I’d had the book since last year and kept thinking the book would be my kind of thing, but it just didn’t work out for me.

Sunday, January 20, 2013

Books in the Mail (W/E 2013-01-19)

The batch of arrivals is even bigger this week now that 2013 is in full swing. Have a look, won’t you?


Dead Things by Stephen Blackmore (DAW, Mass Market Paperback 02/05/2013) – Second novel in two years from Blackmore and refreshingly, this seems to be a stand-alone, or at least not blatantly to his first novel.

Necromancer is such an ugly word, but it's a title Eric Carter is stuck with.

He sees ghosts, talks to the dead. He's turned it into a lucrative career putting troublesome spirits to rest, sometimes taking on even more dangerous things. For a fee, of course.

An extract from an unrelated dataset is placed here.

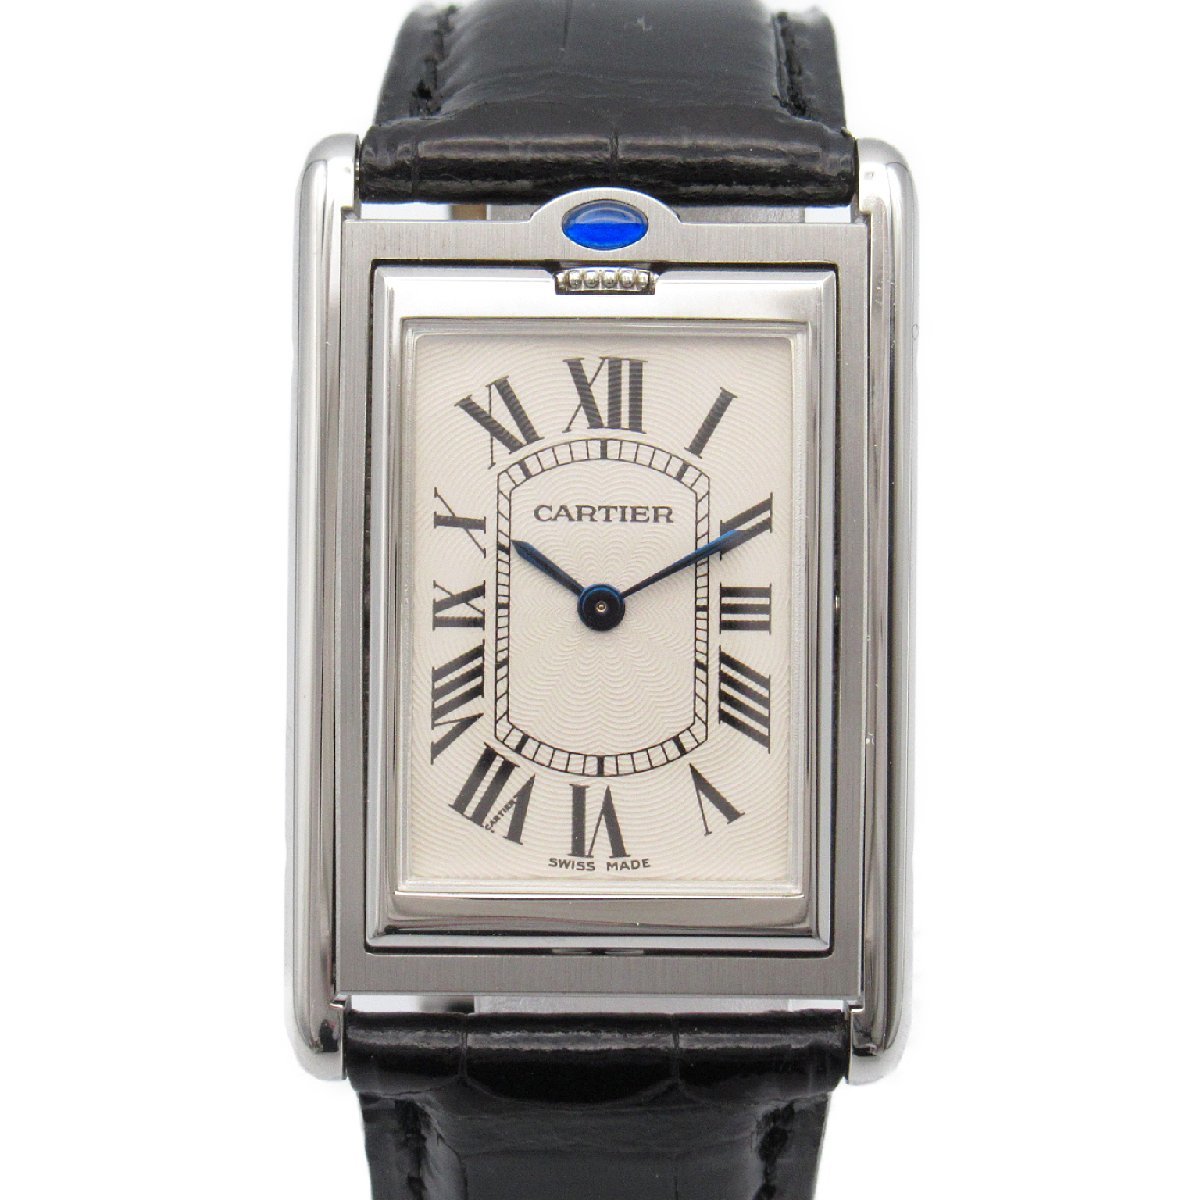 CARTIER カルティエ 腕時計 タンクバスキュラントLM シルバー系 ステンレススチール レザーベルト 革 中古 レディース

When he left LA fifteen years ago, he thought he'd never go back. Too many bad memories. Too many people trying to kill him.

But now his sister's been brutally murdered and Carter wants to find out why.

Was it the gangster looking to settle a score? The ghost of a mage he killed the night he left town? Maybe it's the patrion saint of violent death herself, Santa Muerte, who's taken an unusually keen interest in him.

Carter's going to find out who did it, and he's going to make them pay.


First Rider's Call (Green Rider #4) by Kristen Britain (DAW Mass Market Paperback 02/15/2013) – I read the first book, Green Rider in this series years ago, and I think I read book two in hardcover release. This is the fourth and (presumably?) final novel in the sequence?

Read Kristen Britain's blogs and other content on the Penguin Community.

The long-awaited sequel to Green Rider, First Rider's Call, and The High King's Tomb.

Once a simple student, Karigan G'ladheon finds herself in a world of deadly danger and complex magic, compelled by forces she cannot understand when she becomes a legendary Green Rider-one of the magical messengers of the king. Forced by magic to accept a dangerous fate she would never have chosen, headstrong Karigan has become completely devoted to the king and her fellow Riders.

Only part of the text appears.